The nurse is planning to assist the physician with a thoracentesis for a client who has a pleural effusion. Which of the following positions would be appropriate for the client to assume?
- A. Lying supine with the arms extended.
- B. Lying prone with the head supported by the arms.
- C. Sitting upright and leaning on an overbed table.
- D. Side-lying with the knees drawn up to the abdomen.
Correct Answer: C
Rationale: Sitting upright and leaning on an overbed table facilitates access to the pleural space and ensures client comfort during thoracentesis.
The nurse is assessing a neonate born to a diabetic mother.
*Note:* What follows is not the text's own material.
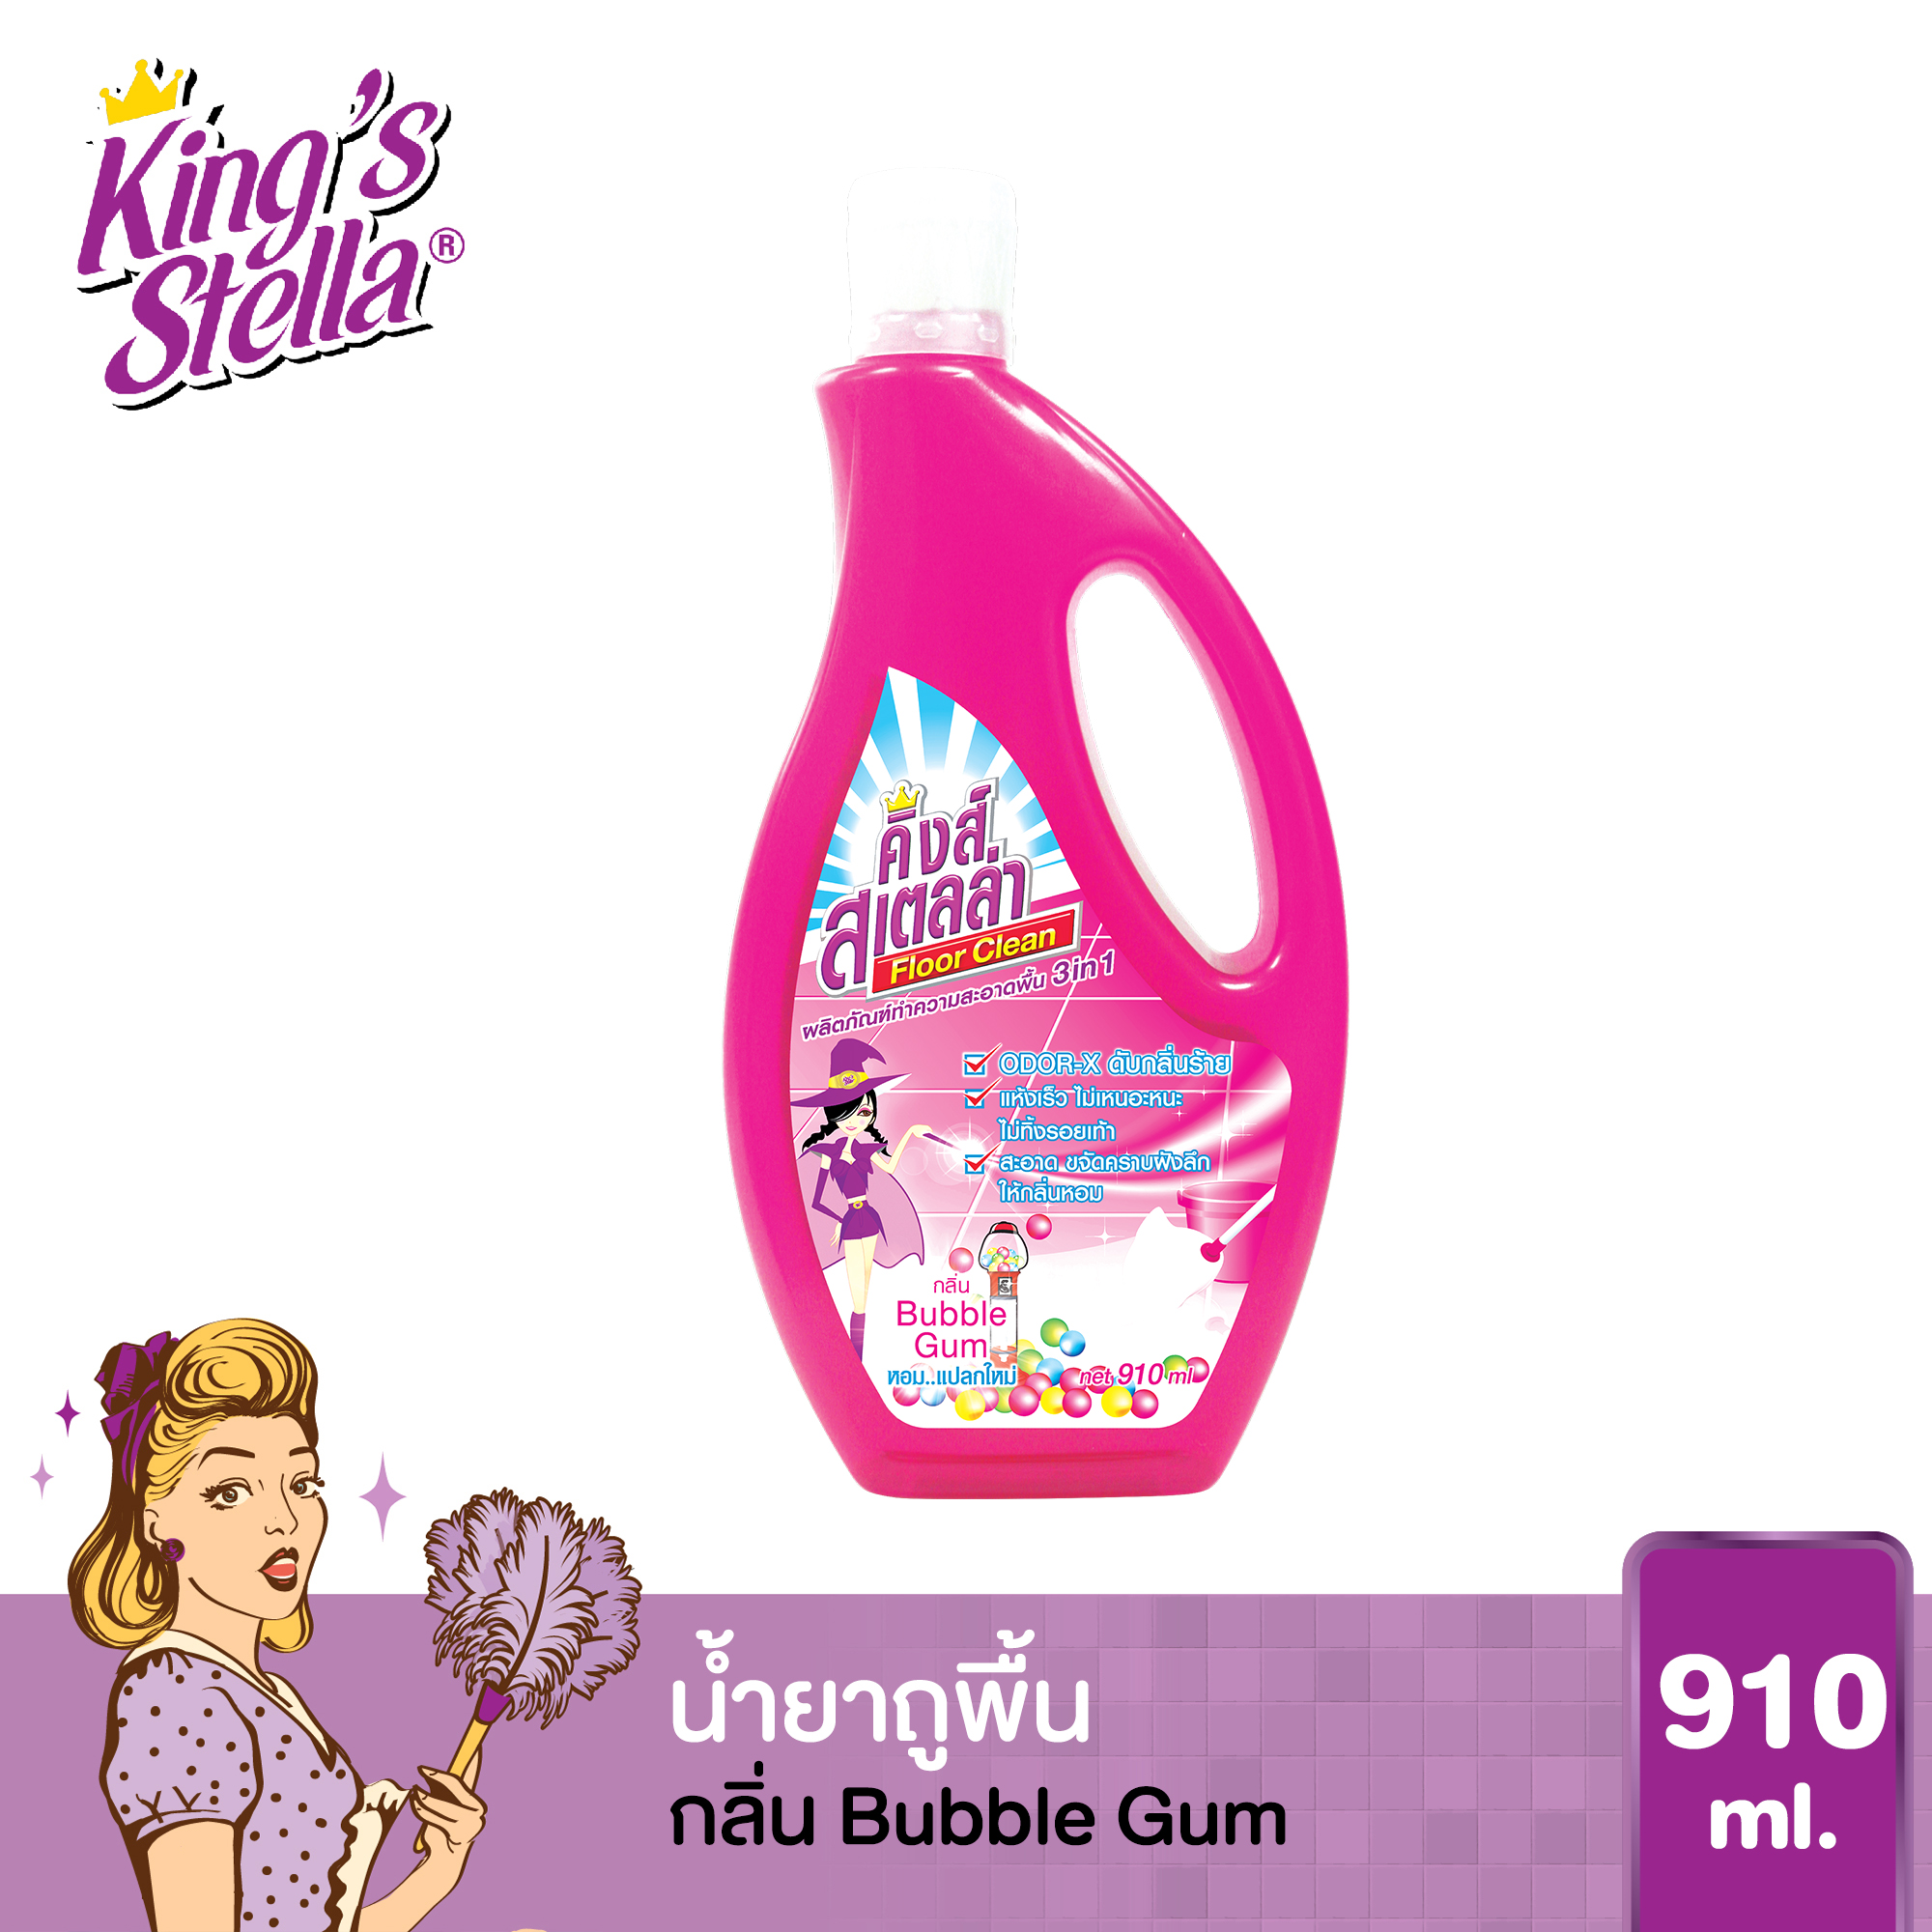 น้ำยาถูพื้น ขจัดกลิ่นอับ กลิ่นอันไม่พึงประสงค์ได้ในทันที King's Stella Floor Clean 910ml. กลิ่น Bubble Gum

Which of the following findings should the nurse expect to see in the infant?
- A. Hypertonia
- B. Hyperactivity
- C. Large size
- D. Scaly skin
Correct Answer: C
Rationale: Neonates born to diabetic mothers are often macrosomic (large size) due to maternal hyperglycemia. Hypertonia, hyperactivity, and scaly skin are not typical findings.
The nurse reviews the serum laboratory results for a client prescribed hydrochlorothiazide. Which most frequent side effect of this medication should the nurse specifically monitor for?
- A. Hypokalemia
- B. Hypocalcemia
- C. Hypernatremia
- D. Hyperphosphatemia
Correct Answer: A
Rationale: The client taking a potassium-losing diuretic must be monitored for decreased potassium levels. Other fluid and electrolyte imbalances that occur with the use of this medication include hyponatremia, hypercalcemia, hypomagnesemia, and hypophosphatemia.
The nurse is assessing a client with a suspected bowel obstruction. Which of the following findings is most indicative of this condition?
- A. Abdominal distension.
- B. Decreased bowel sounds.
- C. Soft, nontender abdomen.
- D. Frequent loose stools.
Correct Answer: A,B
Rationale: Abdominal distension and decreased bowel sounds are hallmark signs of bowel obstruction due to blocked intestinal passage.